I do not understand how curiosity can be a trait so few people have. Curiosity enough to actually learn something, I mean. How is it that I’ve actually been looked at strangely after saying I have a dictionary at home? Do people really make it a habit of simply ignoring words they don’t know? Similarly, what would you do if a child asked you a question about why the sky is blue or what the sun is made of?

I read an article once about parents who, for whatever reason, seem unable to tell their children they don’t know something. What better opportunity is there to not only teach something, but to teach a child how to find out for themselves? Goodness, if there’s a more valuable skill than how to find information, I don’t know what it is. The article quoted a zoo employee who related some of the ridiculous things he overheard parents telling their children in answer to their questions about animals. It makes me sad to hear crap like this.

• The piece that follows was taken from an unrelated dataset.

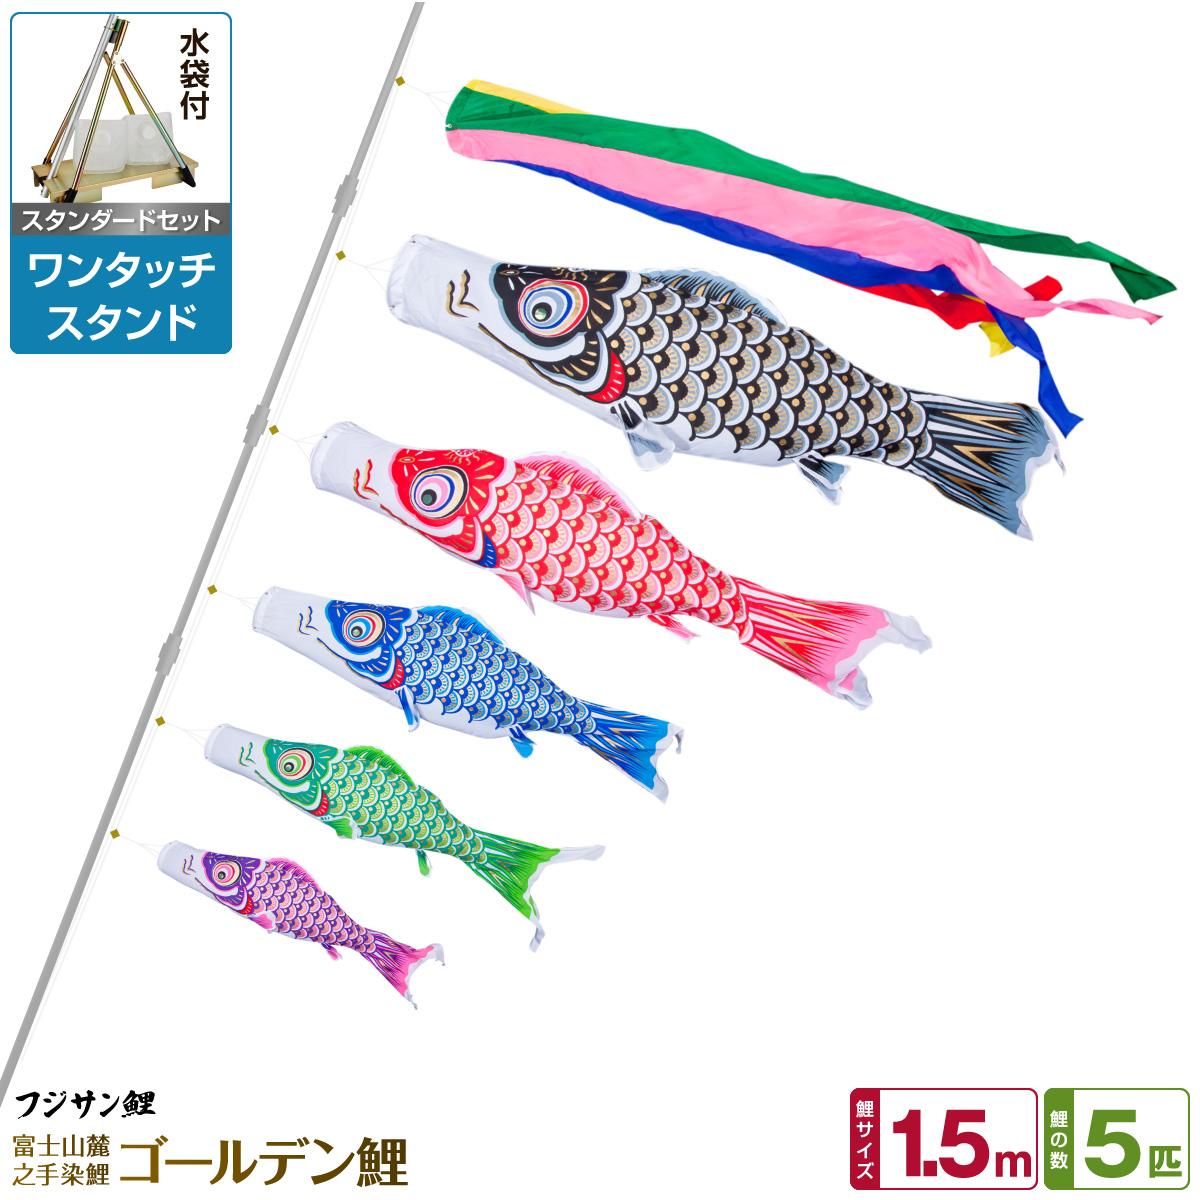 ベランダ用 こいのぼり 鯉のぼり フジサン鯉 ゴールデン鯉 1.5m 8点(吹流し+鯉5匹+矢車+ロープ)/スタンダードセット(ワンタッチスタンド)

It also makes me wonder where these people were when they should’ve been in school. Take Sherri Shepherd, for example. She’s the newest co-host on The View. According to The Daily Backgrounder, they discussed the shape of the Earth on her very first day:

One of the co-hosts of The View, Sherri Shepherd, said she didn’t believe in evolution so co-host Whoopi Goldberg asked her if she believed the world was flat or round. She wasn’t able to answer, using the excuse that she was too busy being a good little housewife to think about complicated things like matters that science settled hundreds of years ago. Amazing.

Partial transcript:

WHOOPI GOLDBERG: Is the world flat?

SHERRI SHEPHERD: Is the world flat? (laughter)


SHEPHERD: …I Don’t know.

GOLDBERG: What do you think?

SHEPHERD: I… I never thought about it, Whoopi. Is the world flat? I never thought about it.

BARBARA WALTERS: You’ve never thought about whether the world was round or flat?

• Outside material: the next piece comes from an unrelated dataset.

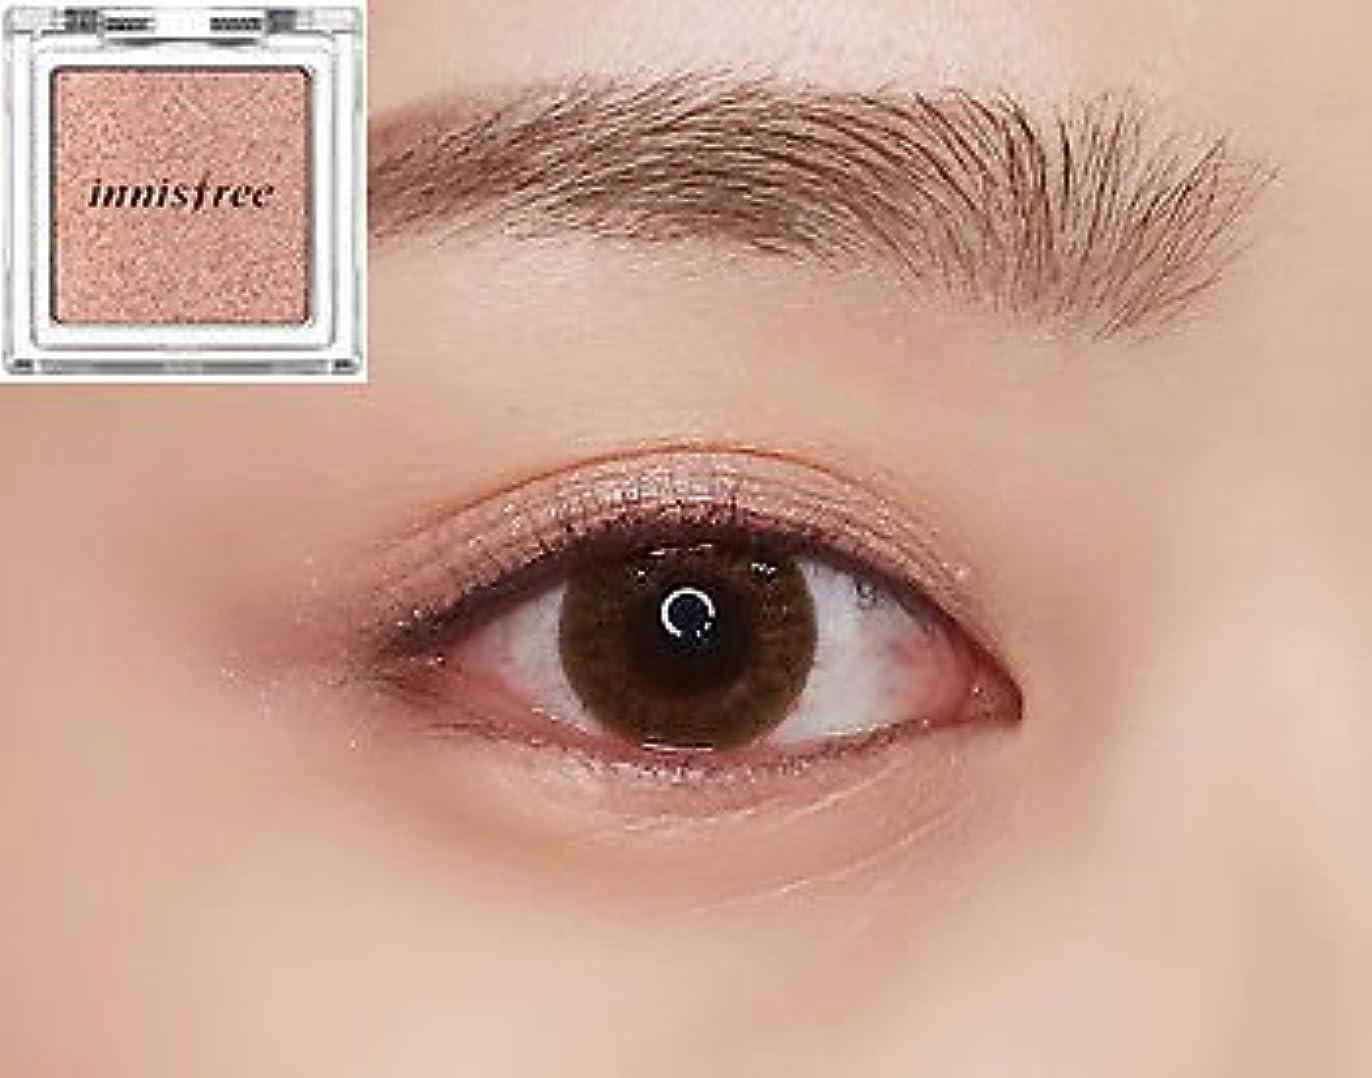 地上で滴下風変わりな[イニスフリー] innisfree [マイ パレット マイ アイシャドウ (グリッタ一) 25カラー] MY PALETTE My Eyeshadow (Glitter) 25 Shades [海外直送品] (グリッタ...

SHEPHERD: I tell you what I’ve thought about. How I’m going to feed my child…

WALTERS: Well you can do both.

SHEPERD: …how I’m going to take care of my family. The world, is the world flat has never entered into, like that has not been an important thing to me.

ELIZABETH HASSELBECK: You’ll teach your son, Jeffery, right?

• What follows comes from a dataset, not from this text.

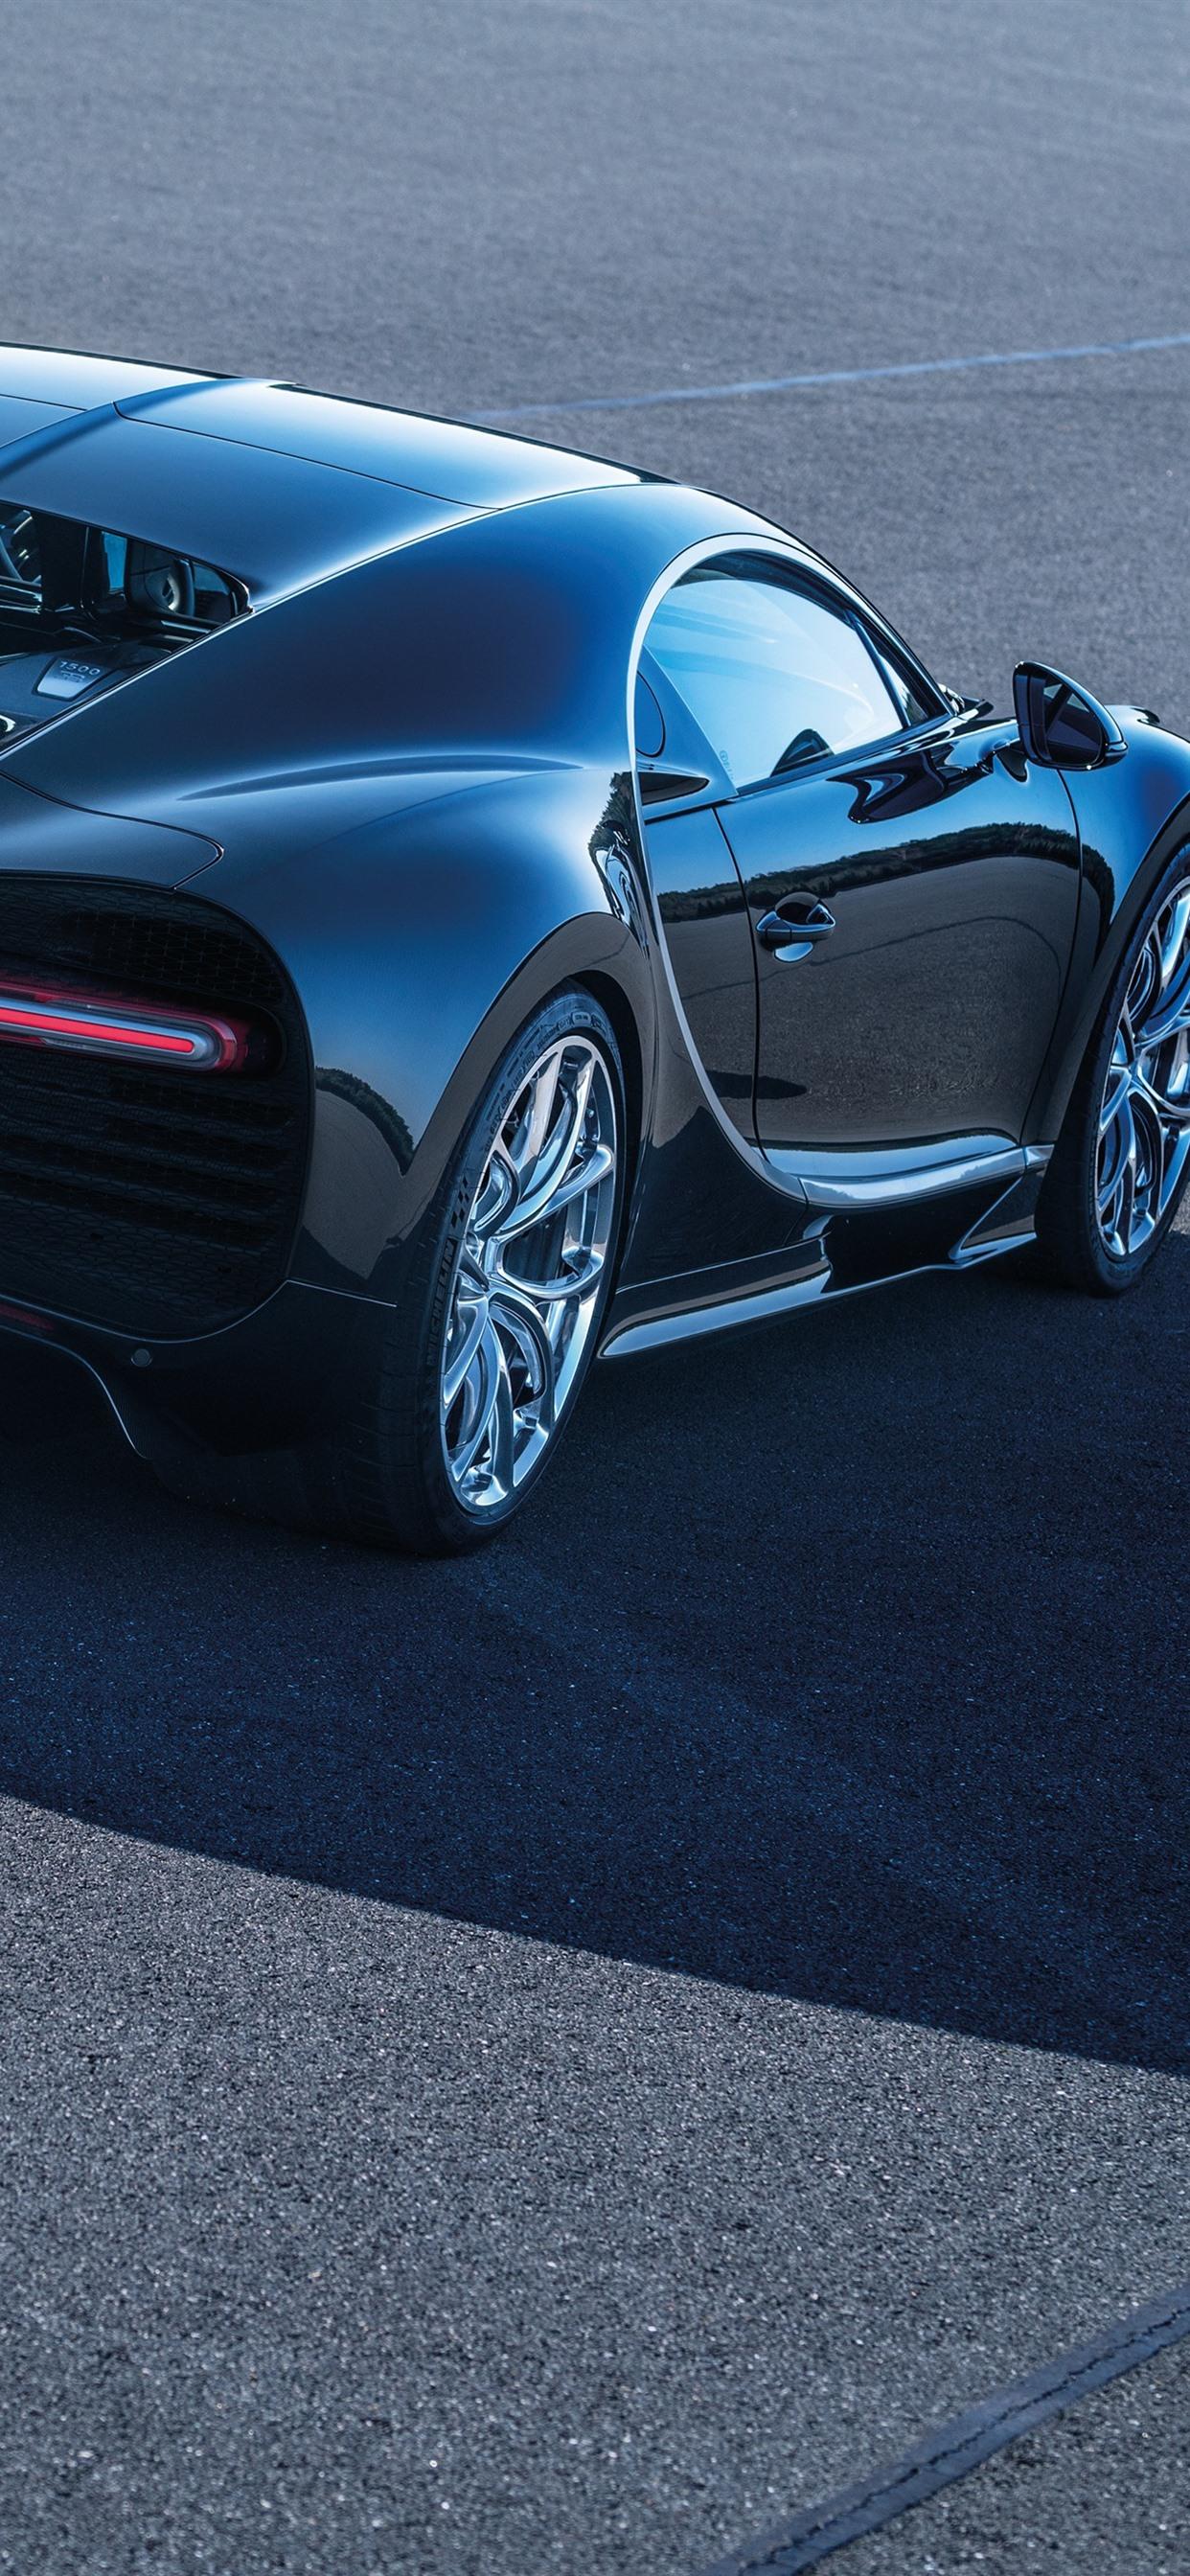 Iphone Wallpaper Bugatti Chiron Black Supercar Rear Bugatti Chiron Topsnelheid 1242x2688 Wallpaper Teahub Io

SHEPHERD: If my son, Jeffery, asks me ‘is the world flat,’ I guess I would go look it up.

JOY BEHAR: You know, didn’t some person already work this question out? I mean, why are we doing this again? (laughter, applause)

Interestingly, after I’d written what appears above, Jessica told me Shepherd was on Letterman and explained she was new to The View, nervous as hell, and didn’t hear the question properly. I can certainly understand nervous, but she must have heard the question because she repeated it back several times.

Whether Shepherd falls in to this category or not, it makes my head hurt to even imagine there are people walking around out there who not only don’t know the most basic facts about their surroundings, but don’t have the smallest urge to know. It’s not even a matter of one’s curiosity not being great enough to make the effort to find out, but not having even thought about it?